その表情は、「本当か? 本当に本当か?」と物語っていた。
「善処する。だから許してくれ」
「…………許す」
「ありがとう」
「それで、勇者をどうするか、か?」
「ああ。こちら側に勧誘をしたがな」
「むっ」
不機嫌そうにするフラン。
「そう言って女を囲って」
「おいおい。囲っていないだろ?」
レイドには身に覚えがない。
「そうだろ。アルミラースは帰ったが、その娘のミレーティアだ。

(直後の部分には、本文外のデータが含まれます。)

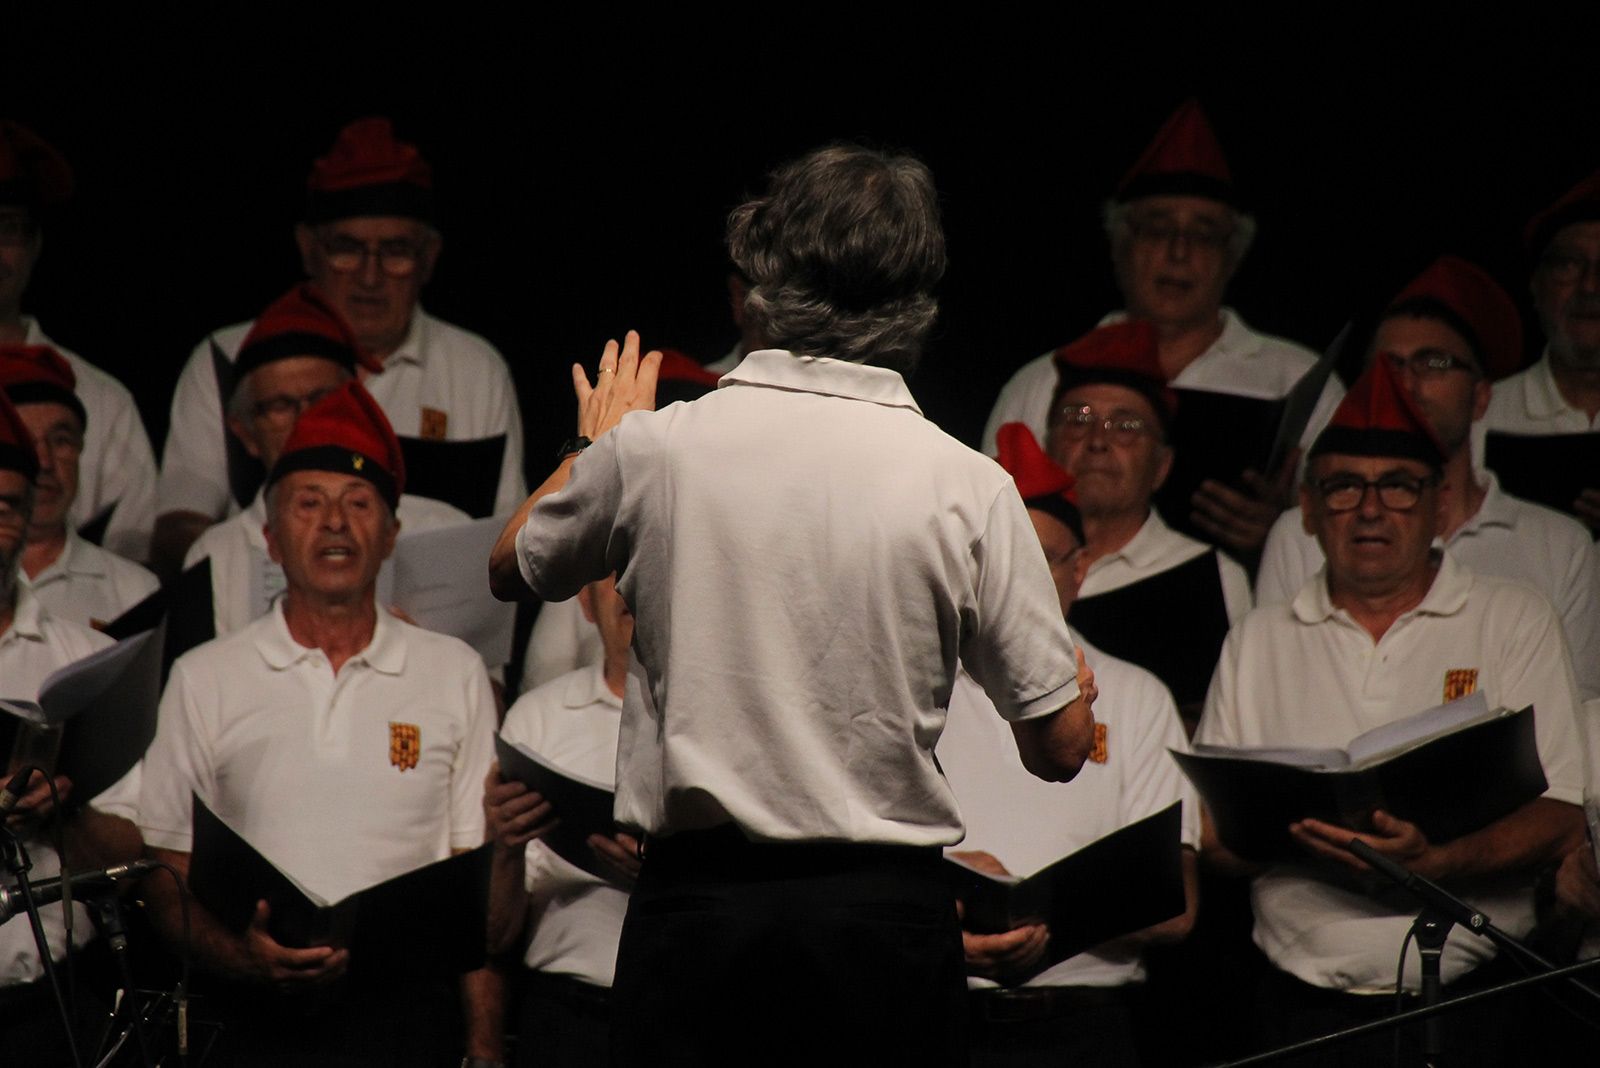 Concert de Festa Major amb la Coral la Lira i la Cobla Sant Jordi. FOTO: Paula Galván

どう見てもお前の事が好きだろう?! 他にもリリスが暗黒山脈から戻ったら女の顔をしていたぞ?!」
「確かにミレーティアのことは好きだ。だがそれは妹としてだ」
「ならリリスはどうなのだ?」
「それは俺にもさっぱりとしか……」
「暗黒山脈で何があった! 話せ!」
レイドは暗黒山脈で何があったかを話すと……
「それはもうレイドに惚れているじゃないか!!」
「そうなのか?」
「この鈍感め! どうするのだ! ハッ!」
そこでフランは何を思ったのか、目をうるうると潤ませながら口を開いた。
「ま、まさか、妾を捨てる、のか……?」
どうやら盛大な勘違いをしているようだった。
「そんな訳ないだろ」
こうして誤解を解くのに小一時間を要した。
ミレーティアは何をしているのかを聞くと、リリスと一緒にいるらしい。
そして、勇者ラフィネをどうするのか。レイドの考えを元にフランは答えた。
「奴隷の首輪をさせて聖剣は破壊」
「それでいいのか?」
「私としては殺しておきたいが……」
「そうだな。不安の要素だからな。それが確実か」
「良いのか?」
「勇者は復讐の対象外だ。まあ活かして利用しようとは考えていたがな」
「利用?」
「ああ」
レイドは今しがた思い付いた勇者の利用と、今後の計画を話すのだった。